So I’ve been using Rustdesk with a self hosted server for business and personal use now for some time. However, it is definitely the sketchiest foss software I’ve used. It seems to be based in China but the developers keep lying and saying its in Singapore.
Here is a list if everything I’ve found:
https://www.reddit.com/r/selfhosted/comments/14kjvkg/community_consensus_on_rustdesk_with_all_the/
https://github.com/rustdesk/rustdesk/discussions/1159
https://www.reddit.com/r/rustdesk/comments/y230hf/my_rustdesk_client_try_to_communication_with/
https://www.reddit.com/r/selfhosted/comments/10ppntj/reminder_about_the_shadyness_of_rustdesk/
https://www.reddit.com/r/selfhosted/comments/uurta8/_/
It seems that now the clients and OSS server are completely foss which is good. They also no longer have public servers in China according to them. In the client itself it also now has better defaults so you are less at risk of getting attacked.

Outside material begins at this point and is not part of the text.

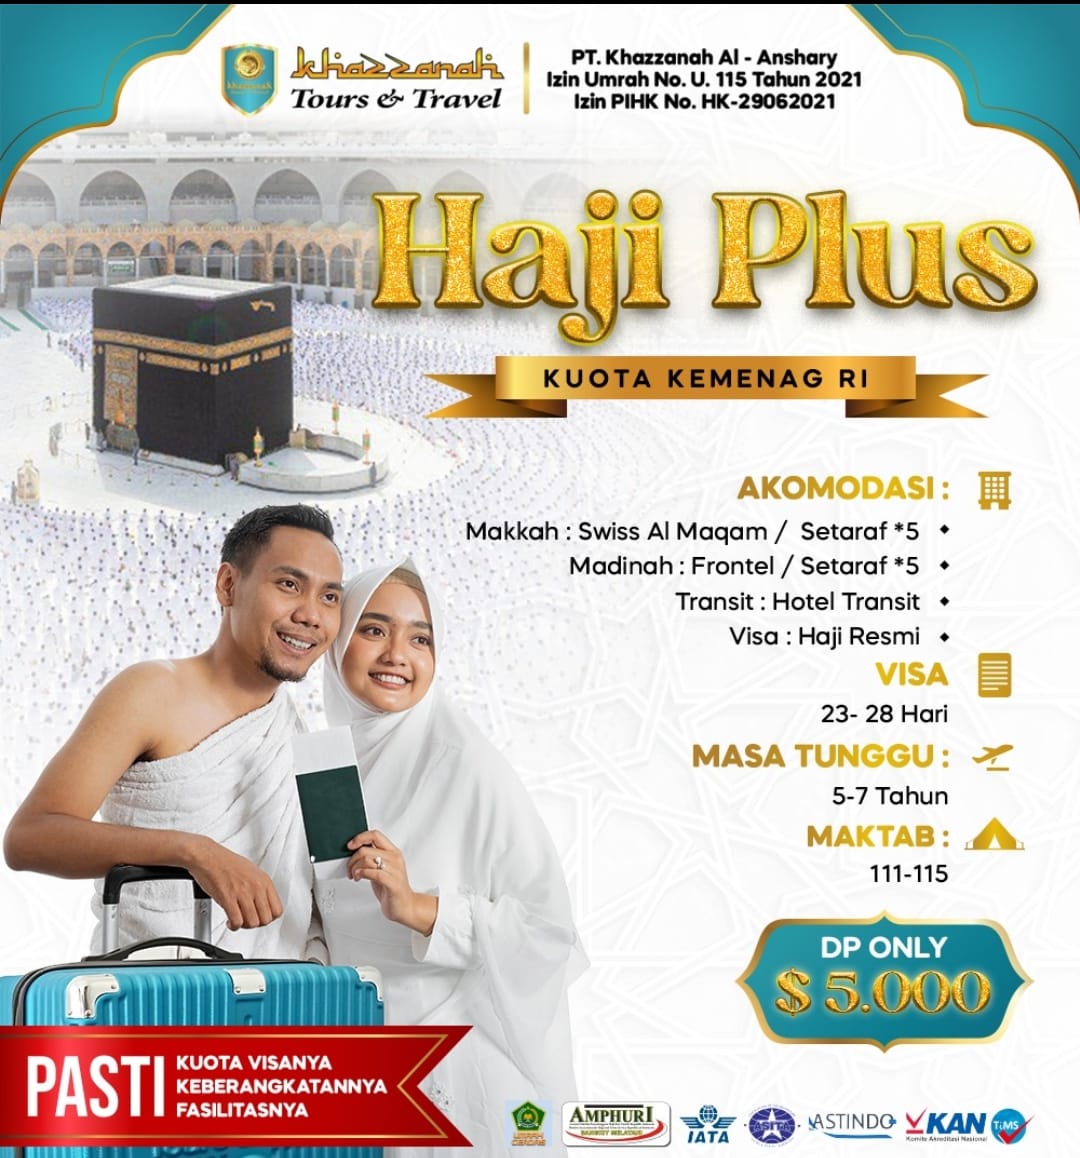 Promo Potongan Harga Haji Khusus Kuota Kemenag RI Termurah

It still is sketch but it now is slightly less sketch I guess? Either way its not ideal.
Seriously, if you make the effort to create a big piece of software and then you open source it and then someone opens a ticket in GitHub asking you those questions, how would you feel?
Because neither “what is the source of the software” nor “potential influence by the CPP” has anything to do with the software itself.
You are free to conduct a security audit of the project and based on the results you can open this thread but saying that they have deleted issues opened on their GitHub page that have nothing to do with the software itself is a pure form of witch hunt and I am genuinely surprised how many people have agreed with you.
Deleting issues shouldn’t even be allowed. You can just close the issues are irrelevant and ignore them.